I was not brought up by Jews, in case that is an excluding factor for you.  What I got from my Irish, French, and German -American ancestors was a sense of, and concern for, oppression, which I hate (and am sensitive to in ways that some more conservative Jews, happy to sit in judgment on others and see them punished for whatever transgression, while they themselves may seem uncannily and obliviously mirthful), and a taste for, risking even snobbery, the arts and sciences, including philosophy, historical gemstone of the modern German nation both Jewish and not. 

I side with the followers of Kant and not those of Jacobi, the latter rejecting reason in favor of a faith that needs no justification beyond affirming a tradition or identity.  Appalling it is that even the Jewish world is so predominantly full of the latter!  My left-wing politics may seem peculiar to some Americans in style, because for me it is not about feminism, anti-racism, or any of the popular left-liberal things.  So some people might think I am a conservative, or even on the right.  That is probably mostly because of my Eurocentrism, since Americans who want to get away from their past often are distancing themselves from that while thinking it is about something else, like patriarchy or some other bugbear.  My heroes include Kafka, Walter Benjamin, Michel Foucault, Rainer Werner Fassbinder, Samuel Beckett, Pier Paolo Pasolini, Primo Levi, Patti Smith, Picasso, Jean-Luc Godard, Francis Bacon (the painter), Hannah Arendt, Milan Kundera, and Susan Sontag.  Those who think this sounds somehow conservative (because Eurocentric?) are probably looking at the book jackets and not reading anything. 

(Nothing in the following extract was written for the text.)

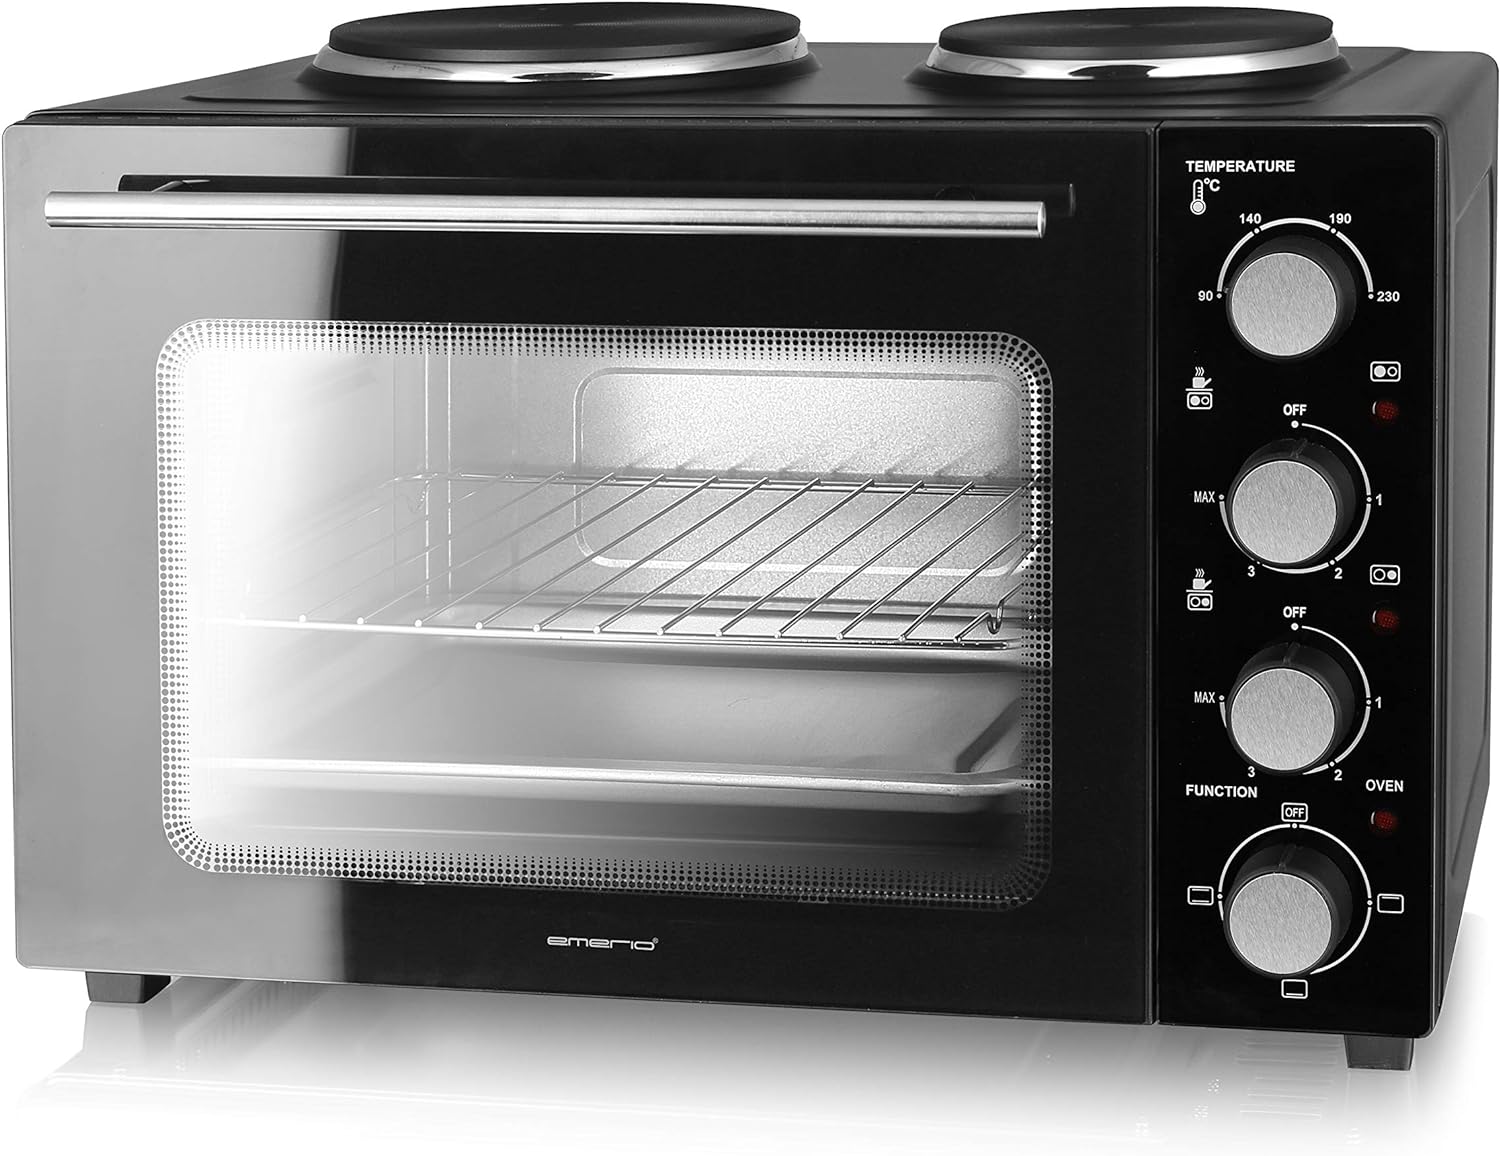 Emerio Multi Oven with 2 Hobs, 3200 Watt, Pizza Oven, Camping Kitchen, Cooking and Baking Simultaneously, Top/Bottom Heat, Thermostat, 90°-230°C, Interior Lighting, BPA-Free, MO-125236, Black
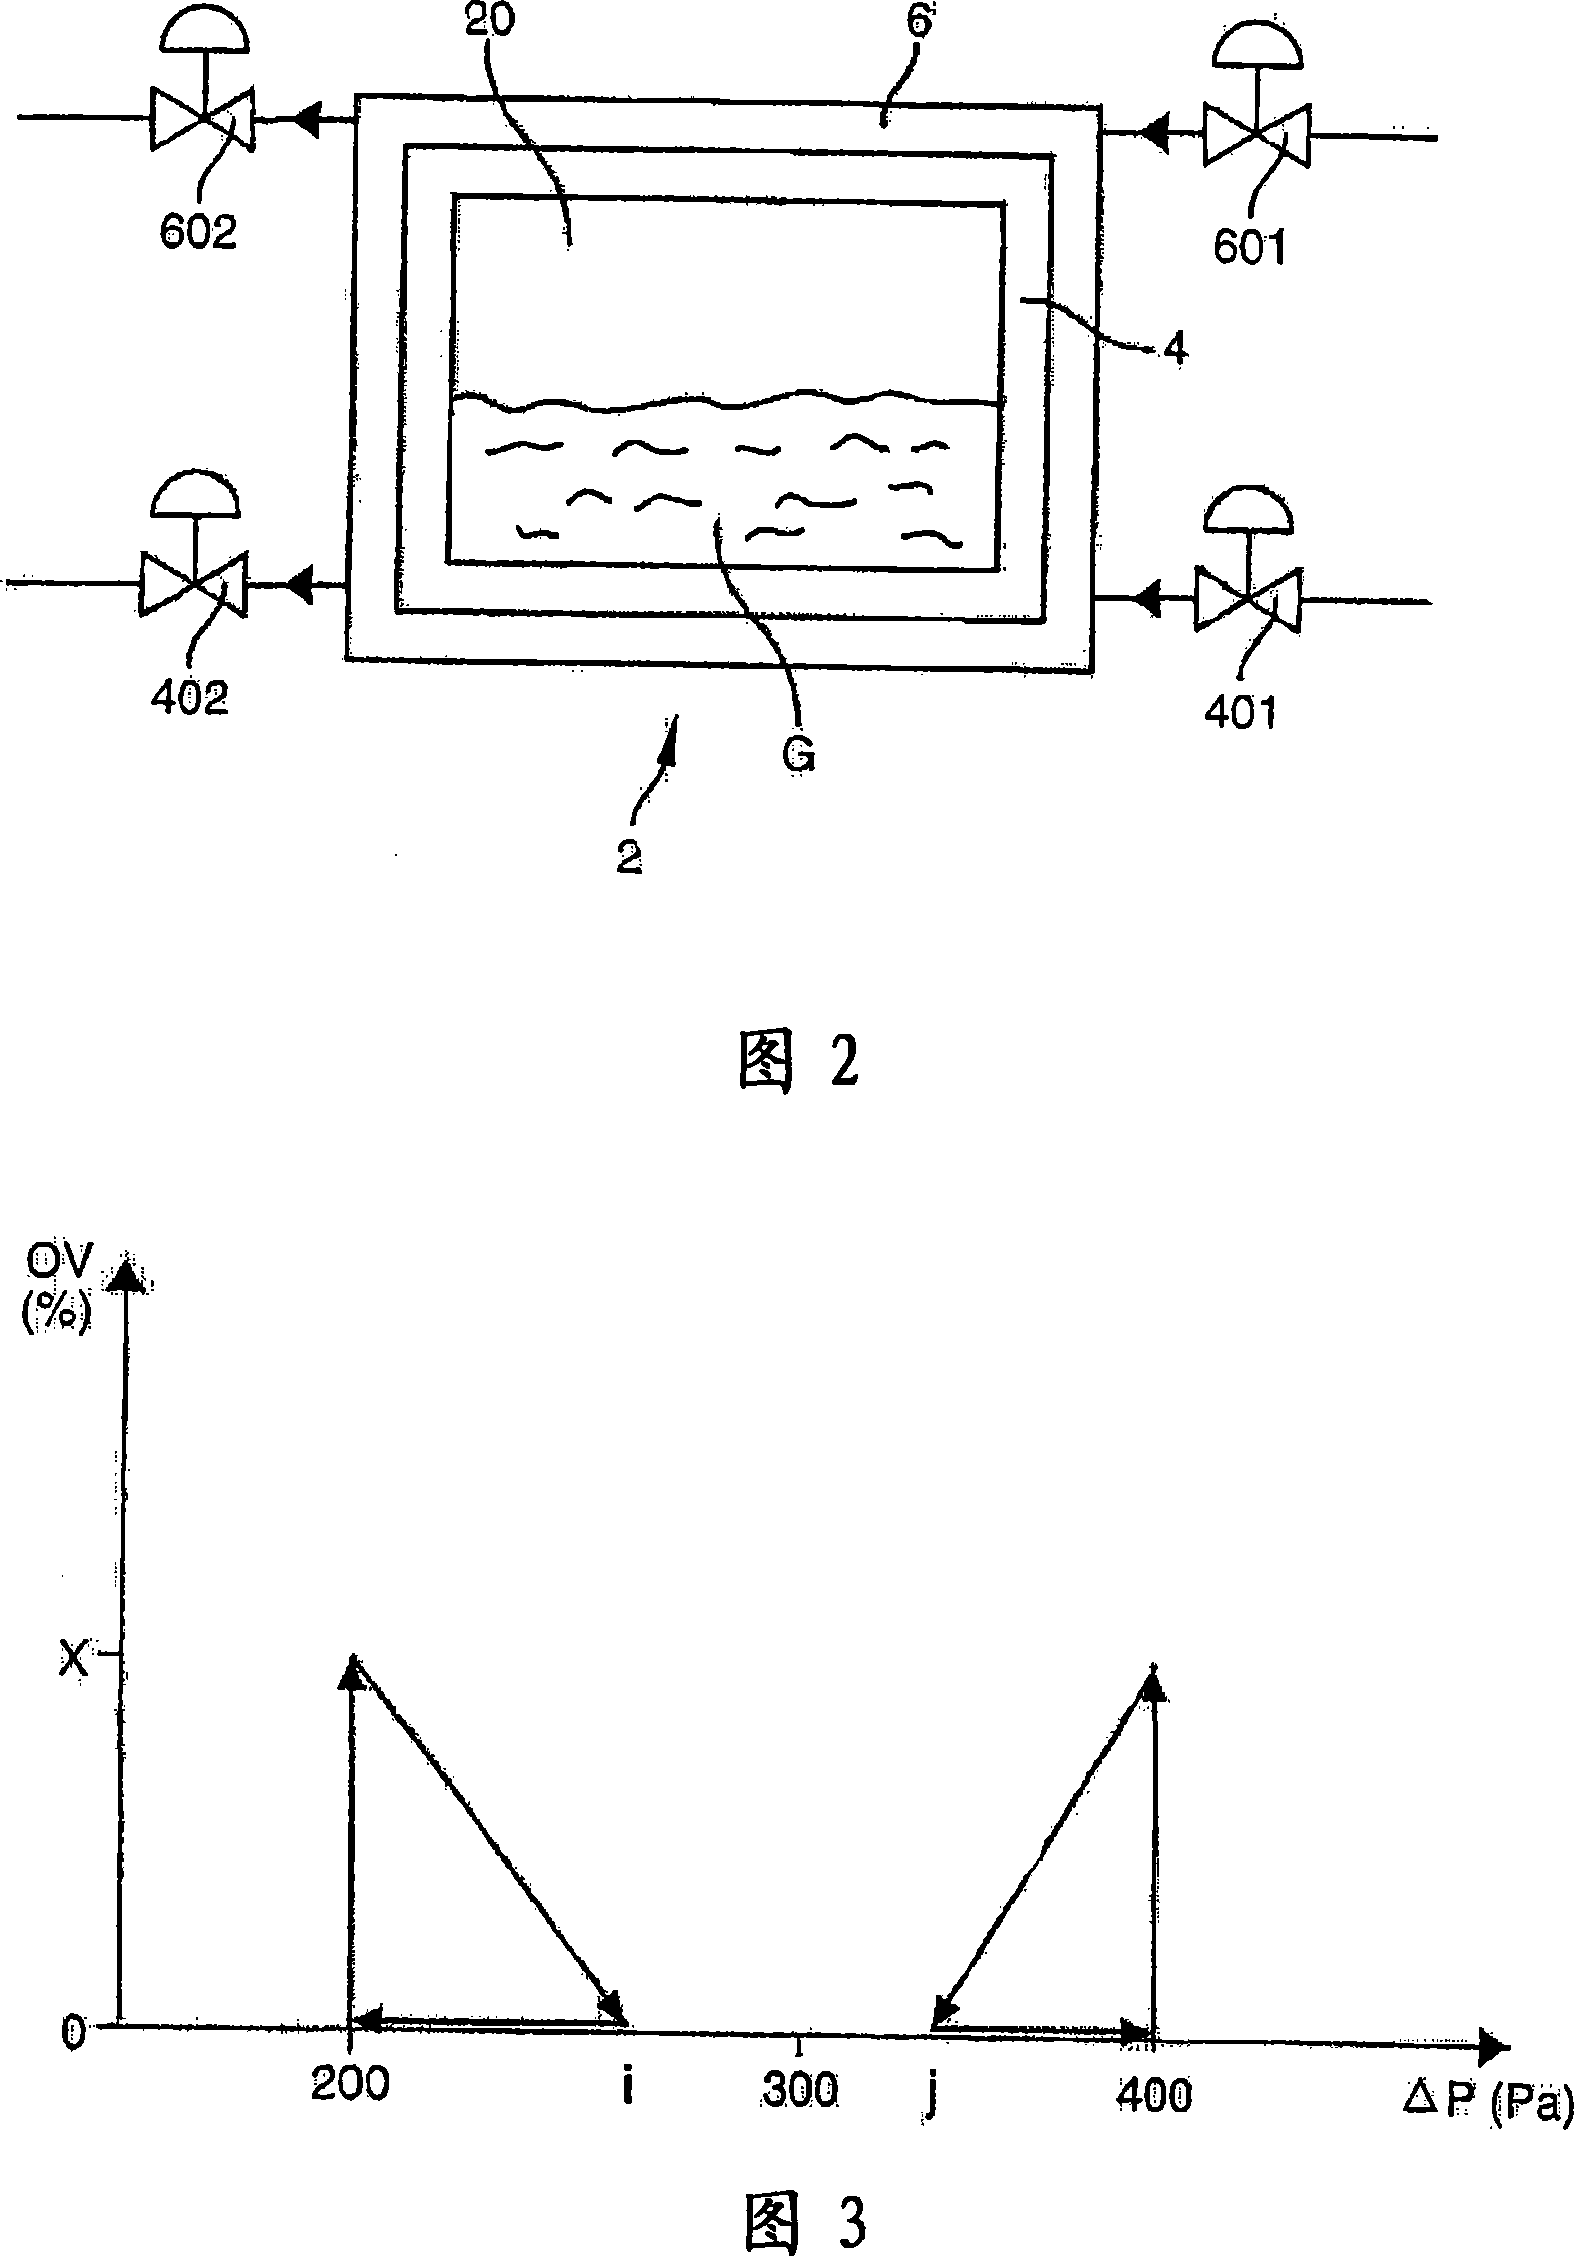 Method for measuring the actual porosity of the watertightness barrier of a fluid containment tank

If your Judaism is the country club variety of people whose morals are not politics but manners, like Eugene Borowitz or Joseph Telushkin, then we aren’t meant to be best of friends; the problem is not that I reject good manners (I consider manners of value and Telushkin an expert worth consulting), but that these people do not live in the world I live in, where people are regularly tortured, killed, or worse, sometimes disposed of in places whose best alibi is that it is less horrible than Auschwitz, and they are living in suburban enclaves where no poor person could ever be object of an insulting attitude, because they have never met any.  My film tastes range from stories of violent men to weepy women’s melodramas; when a girl is being threatened or hurt in a horror film, I cringe in my seat, because I feel as if it’s happening to me.  I like arguments and don’t lose too much sleep about saying something someone might be offended by.  Long past are the days when campus functionaries with false feminisms and other policing ideologies would dictate what one could say or visibly think. Though I have a sign above my desk that says something similar to Spinoza’s motto, “Caution”: “Comrade, shut up and write!”  This will not save my joyfully unsaveable mortal soul adrift among the infinite possibilities of a world of words and languages, but it might keep me from being locked up by some punishing cop with a phony medical practice, and thus giving me what I don’t need, one more object of hate. 

Yes, I do have both loves and hatreds; that is, I am a man with flesh who bleeds if pricked and weeps when others are; I care about the world and agree with Heschel that the just person is not at peace with but troubled by it.  My political life began in adolescence with a refusal of oppression experienced very personally.  I must say that if you come from one of those remarkably loving and tight-knit Jewish families, I envy you that, and think you are very lucky, because that is marvelous. 

While the old classics of the religion remain of interest, the Jewish world has a whole has become a pale shadow of what it might have been and should be.  Now you know why I am careful now before setting foot in a synagogue.  I think of Reform Judaism what Gandhi (not one of my heroes) said of Western civilization: what a great idea it surely would have been. 

Voilà, that’s me.  Tell me, who are you, and what are you into?